Die Gesamtausgaben der
Neuregelungen werden für das Jahr 2022 auf rd. 53 Millionen Euro, für 2023 auf
rd. 85,3 Millionen Euro und für die Jahre ab 2024 auf rd. 85,8 Millionen Euro
pro Jahr prognostiziert.
Als
Belastungsausgleich werden den Kommunen durch das Land gemäß § 12
Landeskinderschutzgesetz finanzielle Mittel bereitgestellt, deren Verteilung
sich nach der Anzahl der Kinder und Jugendlichen im Jugendamtsbezirk im
Verhältnis zur landesweiten Gesamtzahl der Kinder und Jugendlichen richtet.

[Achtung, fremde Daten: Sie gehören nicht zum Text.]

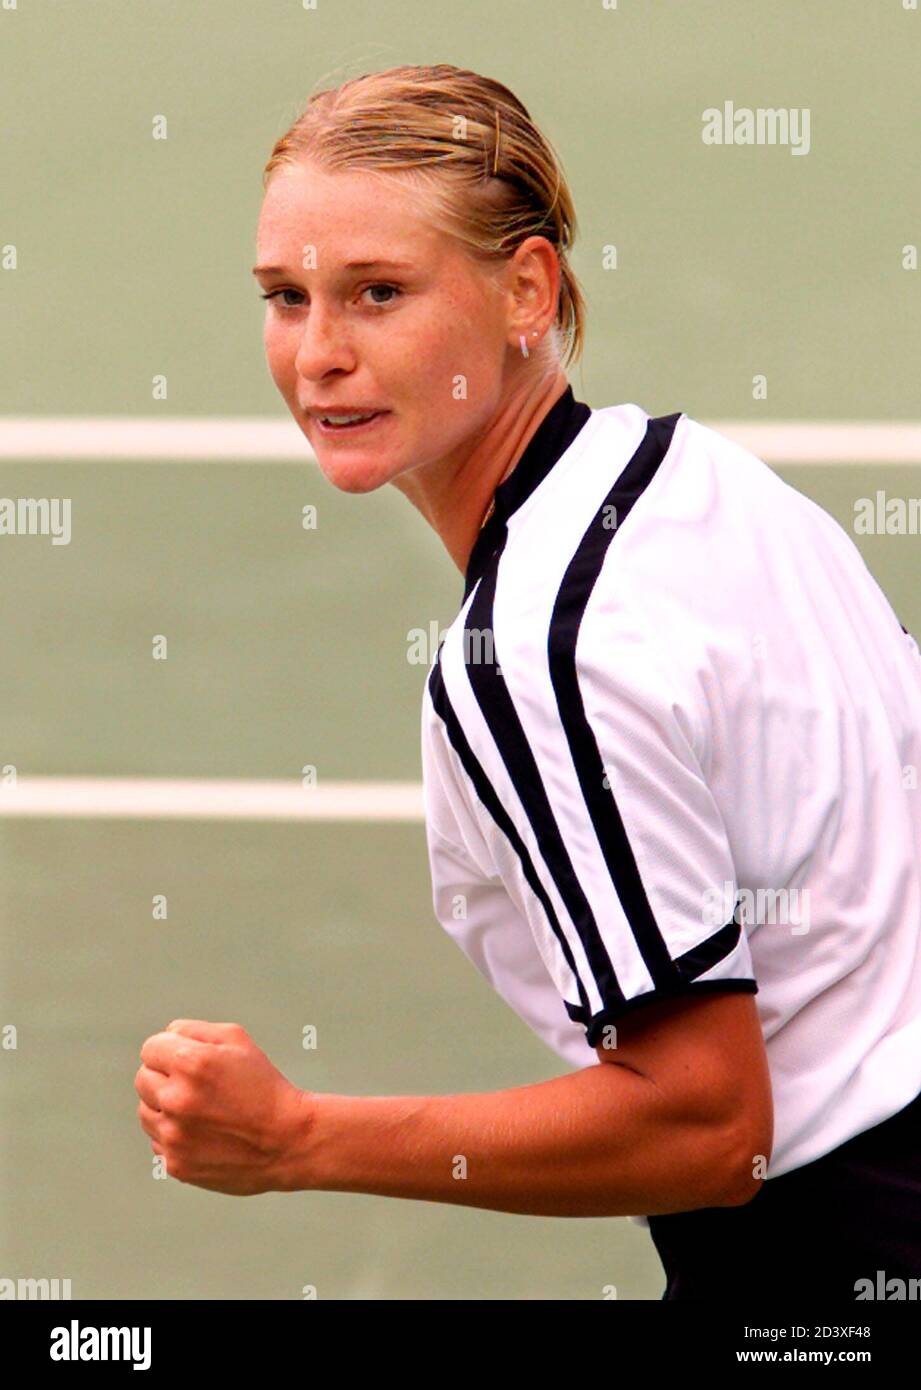 Barbara Schett aus Österreich feiert ihren Sieg über Julie Halard-Decigus  aus Frankreich im dritten olympischen Lauf am 23. September 2000. Schett  gewann das Spiel 2-6 6-2 mit 6:1. KL/HB Stockfotografie - Alamy

Hierbei sind für bestimmte Aufgabenbereiche Sockelbeträge vorgesehen.
Das
Gesetz ist im Wesentlichen bereits am 01.05.2022 in Kraft getreten, die
Regelungen der §§ 6 bis 8 (Stelle für Qualitätssicherung, Qualitätsberatung und
Qualitätsentwicklungsverfahren) folgen am 01.07.2023.
2.
Wie
oben dargestellt, haben die Jugendämter gemäß § 9 des
Landeskinderschutzgesetzes NRW Netzwerke zur interdisziplinären Zusammenarbeit
bei der Wahrnehmung des Schutzauftrags bei Kindeswohlgefährdung zu bilden. Die
Netzwerke Kinderschutz werden dabei entweder in jedem Jugendamtsbezirk oder
jugendamtsbezirksübergreifend in interkommunaler Zusammenarbeit mehrerer
benachbarter Gemeinden oder innerhalb eines Kreises gebildet, finanziert,
koordiniert und laufend weiterentwickelt.
Das
Netzwerk Kinderschutz soll die Rahmenbedingungen für eine effektive und
schnelle Zusammenarbeit bei möglicher Kindeswohlgefährdung sicherstellen.
Nach
Absatz 2 des § 9 Landeskinderschutzgesetz unterhält jedes Jugendamt eine
Koordinierungsstelle für das Netzwerk Kinderschutz, das es gebildet hat oder an
dem es beteiligt ist.
Aufgaben
der Koordinierungsstelle sind insbesondere
1.
die
fachliche Begleitung des Netzwerkes in seiner Aufgabenwahrnehmung,
2.
die
Koordinierung von Maßnahmen zur Sicherstellung der Netzwerkstrukturen,
insbesondere Netzwerktreffen,
3.
die
bedarfsgerechte Organisation regelmäßiger Fortbildungsangebote für die am
Netzwerk Teilnehmenden und
4.
der
Informationstransfer zu und aus sowie die Vertretung in anderen Netzwerken und
Arbeitsgemeinschaften im Jugendamtsbezirk mit Berührungspunkten zum
Kinderschutz.
Die
Verwaltung des Kreisjugendamtes empfiehlt daher zur Erfüllung der gesetzlichen
Aufgaben nach dem Landeskinderschutzgesetz NRW den Aufbau einer
Koordinierungsstelle Kinderschutz im Jugendamtsbezirk des Kreisjugendamtes.